Computers, Privacy & the Constitution
The differentiating line between human and computer is becoming increasingly difficult to determine when one is linked so intimately with smartphones and similar devices. Whereas this argument would be correctly situated in a discussion about cyborgs, the technical and experiential reality of the portable smartphone device augments an end-user’s experience with the world, so much so that it should be compared to the experience of a cyborg. Perhaps making this claim will draw the much-needed attention of device zombies -- how much of the information instantaneously experienced and disseminated by a smartphone user is truly information he has critically engaged with, understood, and digested for a number of seconds greater than the number of fingers on a given human hand?

Whereas the proportions of the smartphone or similar device is much smaller than that of a physical computer, its abilities are the same, if not more powerful. Tools like maps, locations, news, messages, photos and photo editing, and the availability of real time data mask the devices’ strengths and capacities. It is not too hard to come up with a reasonable explanation for why humans appreciate the devices’ instantaneity: why be critical of a thing that really cares about, say, its user’s success in arriving at the correct address, punctually, through the most efficient mode of transportation or route? What if the device’s programming leads it to suggest an algorithmically-optimized detour to the Starbucks with the smallest deviation from your route? Did we want that double espresso before, or just now? The device is both visible and invisible at the same time. It is very obviously a computer, but it is covertly a mechanism upon which the user-becomes dependent, unable to think clearly or critically, and most worryingly, unwilling to delink from its dark magic.

In the world of instant everything, information, regardless of its degree of validity or falsehood, loses its value. The machine causes anxieties, doubts, and induces a form of obsessive compulsive disorder because the device begs in all its magical glory to be depended upon. But is the machine a subservient servant, or the master in disguise?

The current tenor of human-computer interactions in some ways mimics that of a tyrannical government. Machines are challenging humans to remain relevant, to have a voice that is in no way augmented by the machine and its technical prowess. Most strikingly, however, are the ways in which the machine actively threatens our very humanity by overreaching and challenging those unique characteristics that make humans identifiable human: the ability to think and remember.

-- MadihaZahrahChoksi - 26 Apr 2018

I have been thinking along similar lines lately, and this is probably more eloquent and succinct than I could have put it. "TheMachineIsABehaviorist" reaches a sort of similar conclusion from a different angle. Hegel wrote about the master-slave dialectic - while the master initially creates domination over the slave and produces subservience, the slave, due to taking over labor and necessary tasks from the master, transforms his subservience into a mastery of his environment, which then atrophies in the master. This has happened all throughout history between persons, but machines are involved in a more profound way than ever before.

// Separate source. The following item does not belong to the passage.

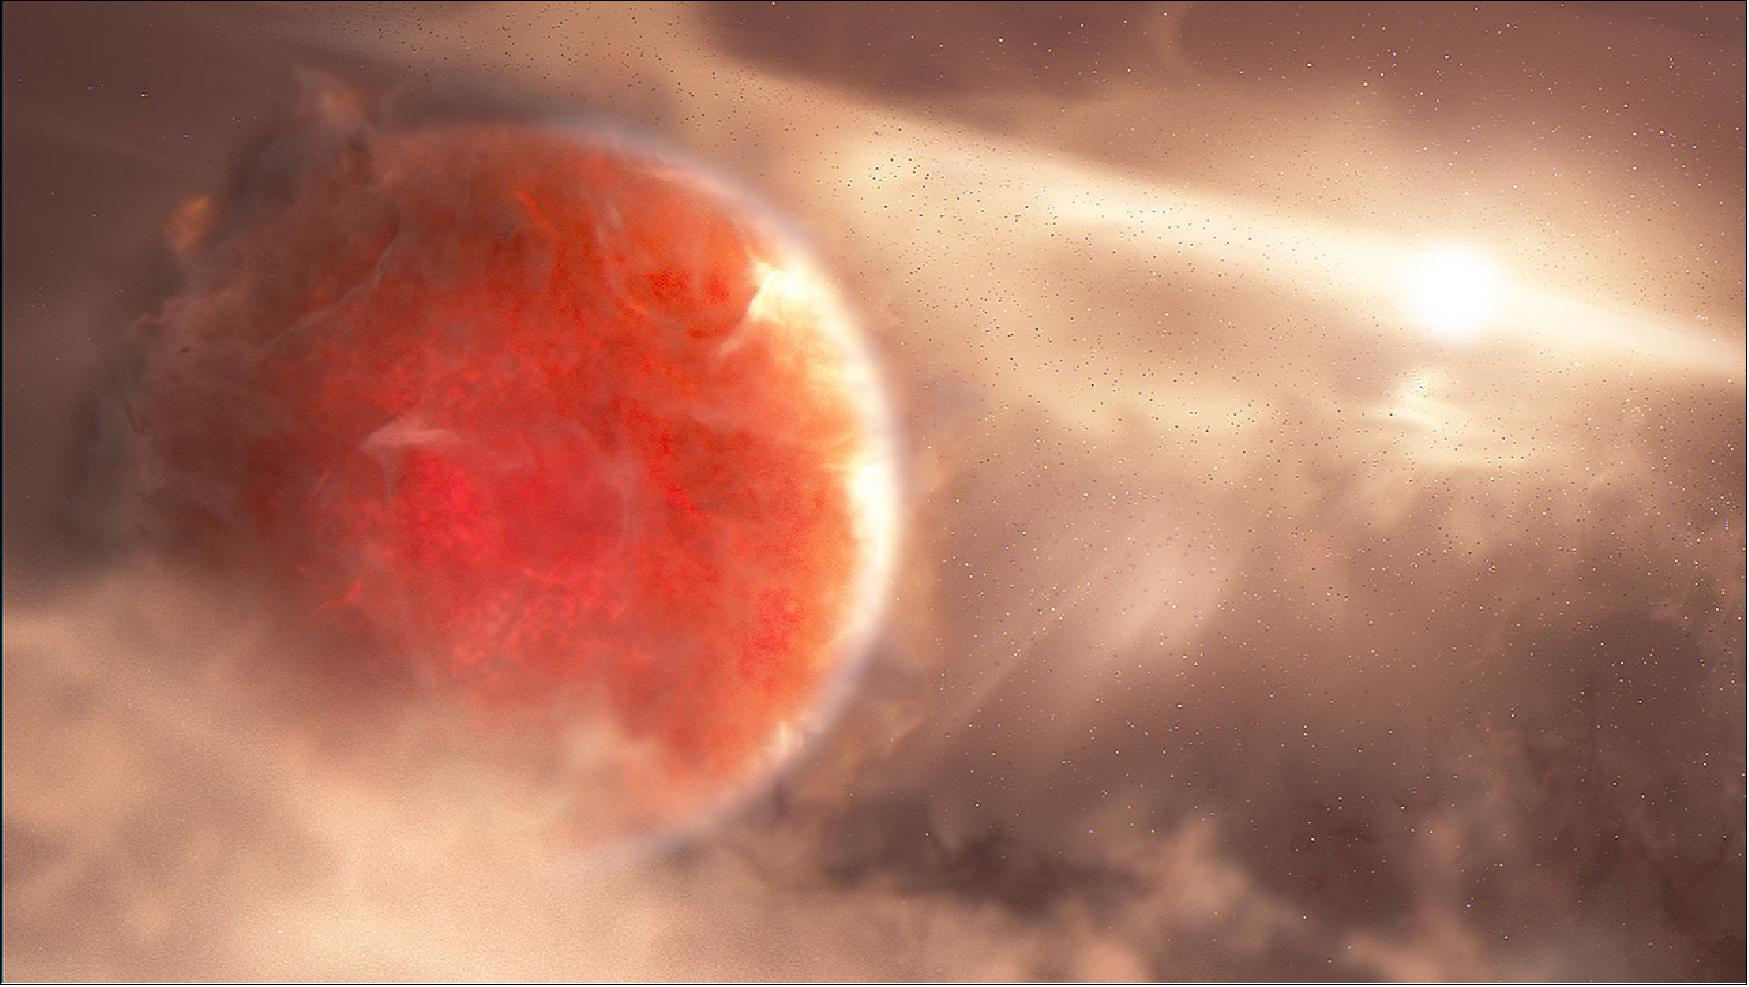 Figure 61: This is an artist's illustration of a massive, newly forming exoplanet called AB Aurigae b. Researchers used new and archival data from the Hubble Space Telescope and the Subaru Telescope to confirm this protoplanet is forming through an intense and violent process, called disk instability. Disk instability is a top-down approach, much different from the dominant core accretion model. In this scenario, a massive disk around a star cools, and gravity causes the disk to rapidly break up into one or more planet-mass fragments. — AB Aurigae b is estimated to be about nine times more massive than Jupiter and orbits its host star over two times farther than Pluto is from our Sun [image credits: ARTWORK: NASA, ESA, Joseph Olmsted (STScI)]

From about 7 or 8 years old onwards, I promised myself that when cybernetic upgrades came out, I would save up enough money to be one of the first to get them. They weren't nearly as expensive as I had anticipated, but the catch has been that is it really tricky to use them without letting someone else inside your head. Parts of our brains are like the muscles of astronauts drifting in space, slowly atrophying amidst an incomprehensible infinity that subverts our most fundamental expectations. I downloaded my entire 4GB archive from Facebook.com a few weeks ago, and I found it remembers countless conversations and personal relationships that I did not even remember. Even aside from the fact that Facebook has them, the fact that a machine remembers hours of my life, conversations I had, expressions I wrote while I do not would be a separate discomfort even if it were completely and totally private.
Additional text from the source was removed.